Dáil debates

Wednesday, 12 October 2022

Employment Permits Bill 2022: Second Stage (Resumed)

 

3:37 pm

Photo of Mattie McGrathMattie McGrath (Tipperary, Independent) | Oireachtas source

I am pleased to be able to contribute to this debate. We have a huge issue. We are known as Ireland of the thousand welcomes or céad míle fáilte and we just welcomed visitors from the Gambian Parliament here a few minutes ago but we have a huge problem with delays in employment permits. I do not understand the reasons. We never get the reasons. I know of one person who has worked here, has a partner here and wants to come here to work, and it is going on for nearly four years. That partner is a brilliant, hard-working, dedicated man and he has come to the conclusion that he will try to reverse and go the other way. He is a skilled HGV driver who works 19 or 20 hours per day in the milk season and will be a huge loss to his employer, community and, above all, his elderly mother, family and friends. It is a huge change for him to move so far from his native shore.

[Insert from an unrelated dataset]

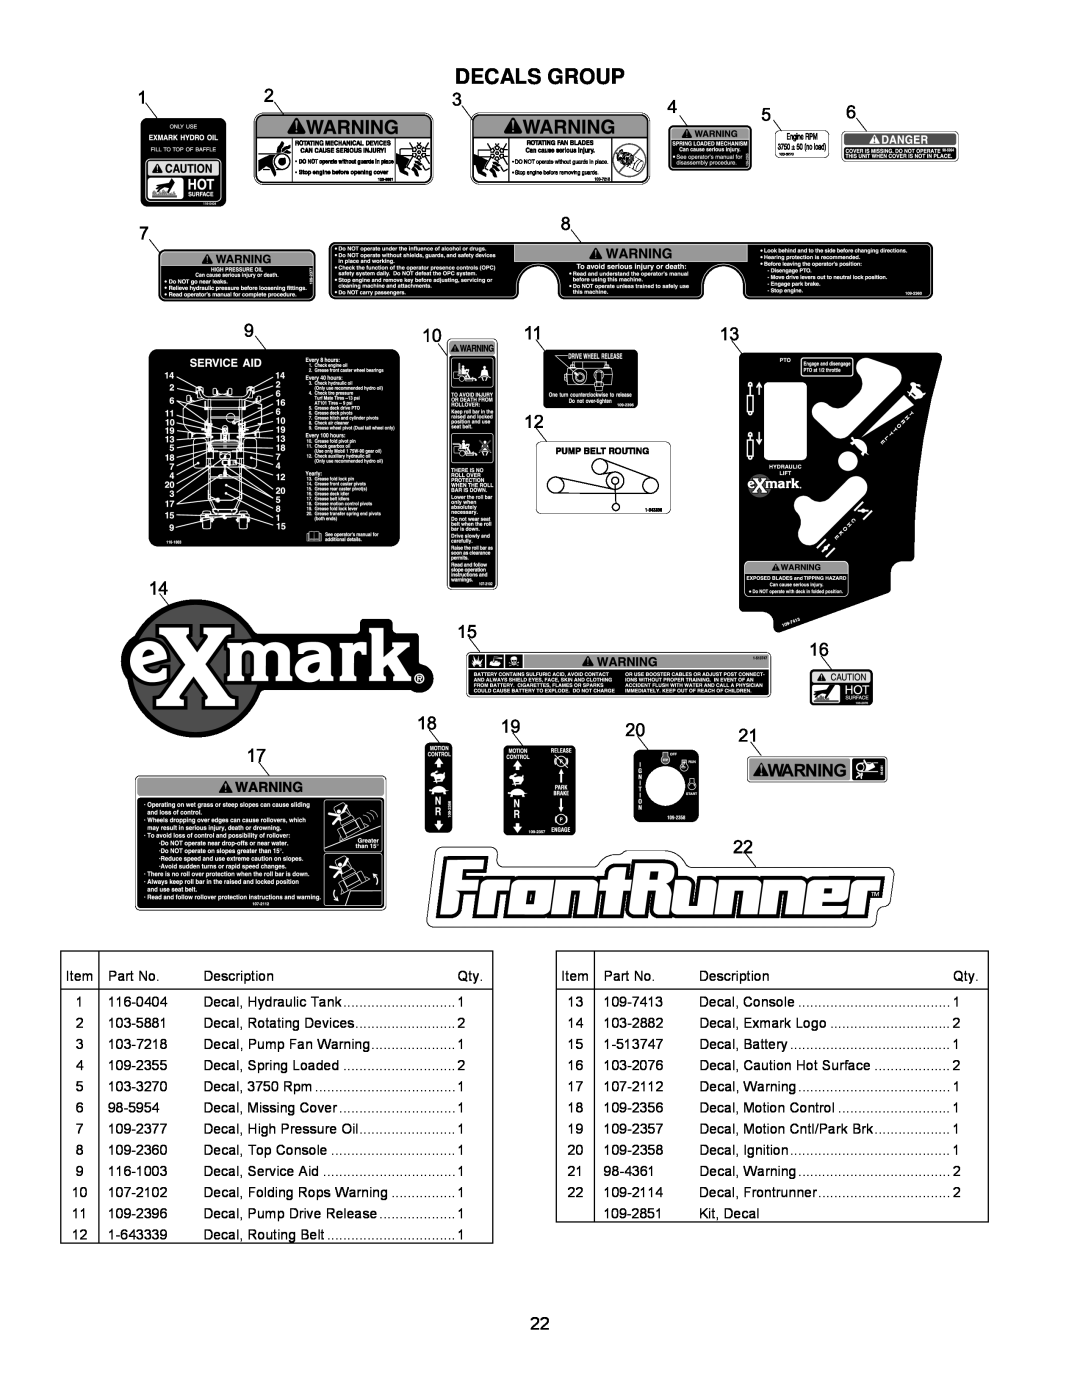 Exmark 4500-341 manual Decals Group

I have come from a committee where we discussed the hospitality industry. I condemn out of hand any practices whereby workers who come here work extortionate hours and do not get proper rates of pay. We must not have any truck with that. We have to have checks and balances but the hospitality industry is on its knees. They tell us we are at full employment. I do not believe we are but those are the statistics regurgitated out to us every day. It is difficult to know.

That industry has been lobbying the Minister of State and us. I heard criticism earlier of a former colleague of the Minister of State who has become a lobbyist. There should be some distance from Members of this House as well as the public service, including county councillors and senior officials. When they leave, there should be time before they take up any lobbying position.

Everyone knows about the hospitality industry but we must also deal with the extortionate rates that industry is charging in Dublin because it is damaging the brand of Ireland of a thousand welcomes and the work of Fáilte Ireland and all the good people in tourism. My good colleague, Deputy Danny Healy-Rae, will not be happy with me but there are one or two, I believe, in Kerry as well that have huge rates. It is giving a bad name to the whole brand. In New York, they had a special rate for hotels compared to the rest of the country. I believe we will have to do the same here.

Getting back to the issue at hand, farm and forestry contractors of Ireland are crying out for labour, as are the building industry and many industries, including horticulture and the poultry and pig sectors. It is difficult and arduous for permits to be got. The vast majority of employers are good, caring and responsible and they respect the workers. While there is always one or two, that happens in every walk of life, unfortunately. We must do something to make it easier.

I am not saying we should have no checks and balances and let anybody and everybody in here. I have a concern about the influx of people. We saw the saga in Killarney and I am glad that is reversed for the moment. I heard one of the Ukrainians this morning, a lady, who was delighted she was not moving that distance but she did not know where she was sleeping tonight. That will resolve itself, I hope. Apparently it is because one of the companies in Mayo will not take international refugees while they will take Ukrainians. Are we picking and choosing?

I was contacted during the week by a gentleman who said he had 3,500 places for Ukrainian people fleeing the war and was in a logjam. I was contacted by one of the people in the chain of supplies he has. I can give the Minister of State details. It was an-chara liom in Tipperary town, a gentleman I will not name. He has had his premises kitted out at a fair amount of expense, is ready and waiting and has not heard a dickeybird, níl aon pingin amháin, and has not had a penny. He entered into this in good faith to deal with the situation, as the Government had asked, and did up his premises, but he has not seen anybody come and has no idea. I am alarmed to think a company, or a man, a gentleman or whatever- I did not speak to him; it was my office - has 3,500 places in the middle of a housing crisis for so many people. I do not know what is going on. I am bewildered as to how this is happening but if that man is a co-ordinator or whatever we call him and can pick up those kind of places, how come the Minister for Housing, Local Government and Heritage and the Minister of State, who is in that section as well, cannot get their hands on these places? There is something wrong. Is the money so lucrative for the other? There are question marks. We need to deal with it but we need to be sensitive and to understand contractors are in a bad way for staff. Many contractors have been forced out of business this year - I know a half dozen in south Tipperary - because of the price of fuel, the cost of insurance and the lack of support.

Yet for some reason the Minister has refused to meet the farm contractors of Ireland. I appeal to the Minister of State to be more understanding and sensitive.